Block-level STT-RAM models have been also developed to fulfill the need in architectural analysis. Arcaro *et al.* integrated a STT-RAM model into CACTI [1] – a tool was originally used for conventional memory modeling and design [19].

Wu *et al.* presented an architecture-level simulation framework of the advanced perpendicular STT-RAM in [29]. Dong *et al.* released the most widely used STT-RAM block-level model, namely, NVSim [6], which can support the design parameter extraction of not only STT-RAM but also ReRAM and PCM. However, none of the above models are able to simulate the impacts of CMOS or MTJ variations and consequently, the write errors of STT-RAM.

In this work, we introduce a new member of NVSim family – NVSim-VX<sup>s</sup>, which enables statistical simulation of STT-RAM for write performance, errors, and energy consumption.
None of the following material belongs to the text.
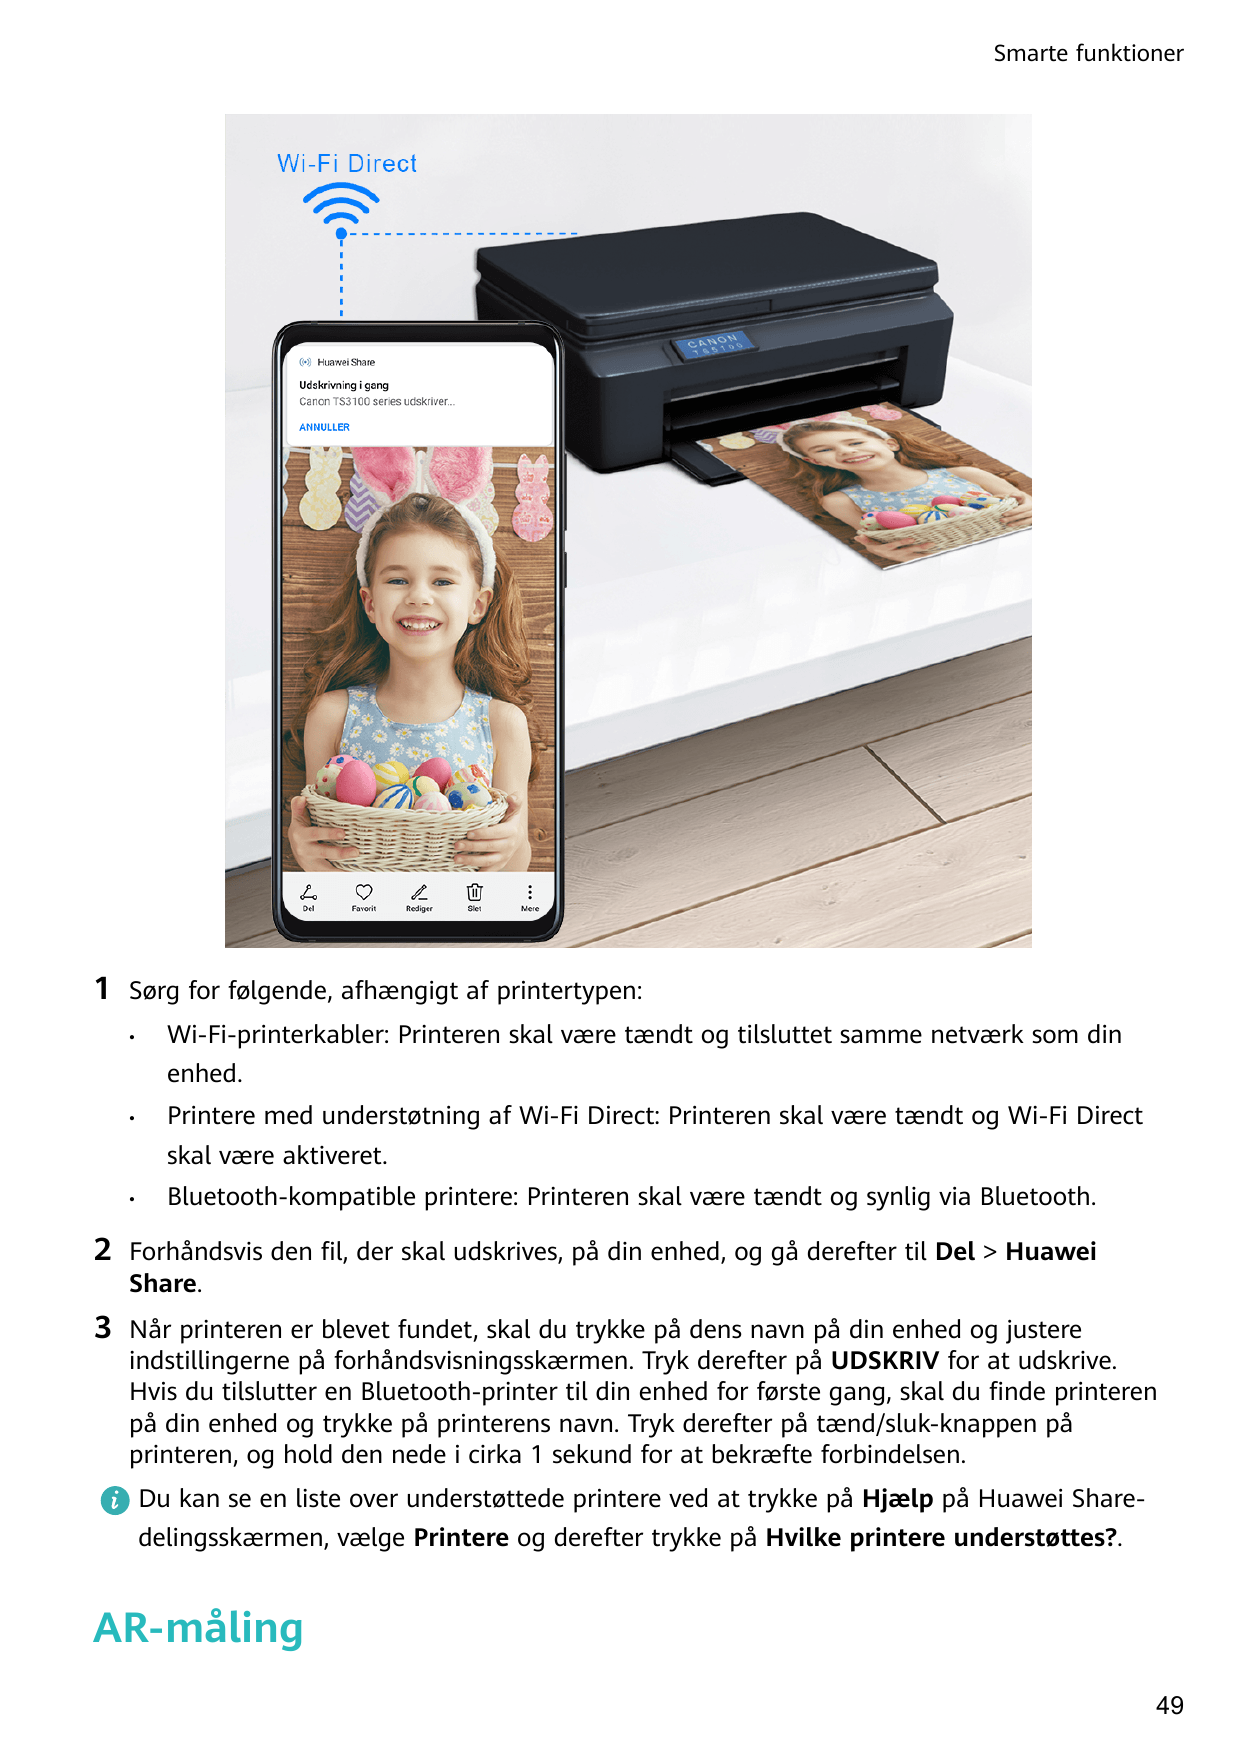 Smarte funktioner1Sørg for følgende, afhængigt af printertypen:•Wi-Fi-printerkabler: Printeren skal være tændt og tilsluttet sam

Besides the parametric variabilities of both CMOS and MTJ devices, this enhanced model also takes into account chip operating temperature, which significantly affects the write reliability of STT-RAM. As the first systematic model to simulate the entangled relationships between different design parameters and metrics of STT-RAM at block-level, the major novelty we introduce to STT-RAM research can be summarized as follows:

- We derive statistical approximations of STT-RAM design metrics, e.g., switching time and energy consumption, and generate the corresponding compact models for fast statistical analysis;
- We implement the STT-RAM model based on the switching pattern of input bits, which have been proved as the major factor affecting the statistical STT-RAM design metrics;
- We develop the models of both perpendicular and in-plane STT-RAMs to support the scaling of STT-RAM technologies.

The first release of NVSim-VX<sup>s</sup> supports 5 technology nodes {22, 32, 45, 65, 90}nm, and driving NMOS transistor size between  $2-5\times$  the minimum feature size. It also supports operating temperature between 300K to 375K. The model has been thoroughly calibrated with the Monte-Carlo simulations based on macro-magnetic and SPICE models to ensure the accuracy.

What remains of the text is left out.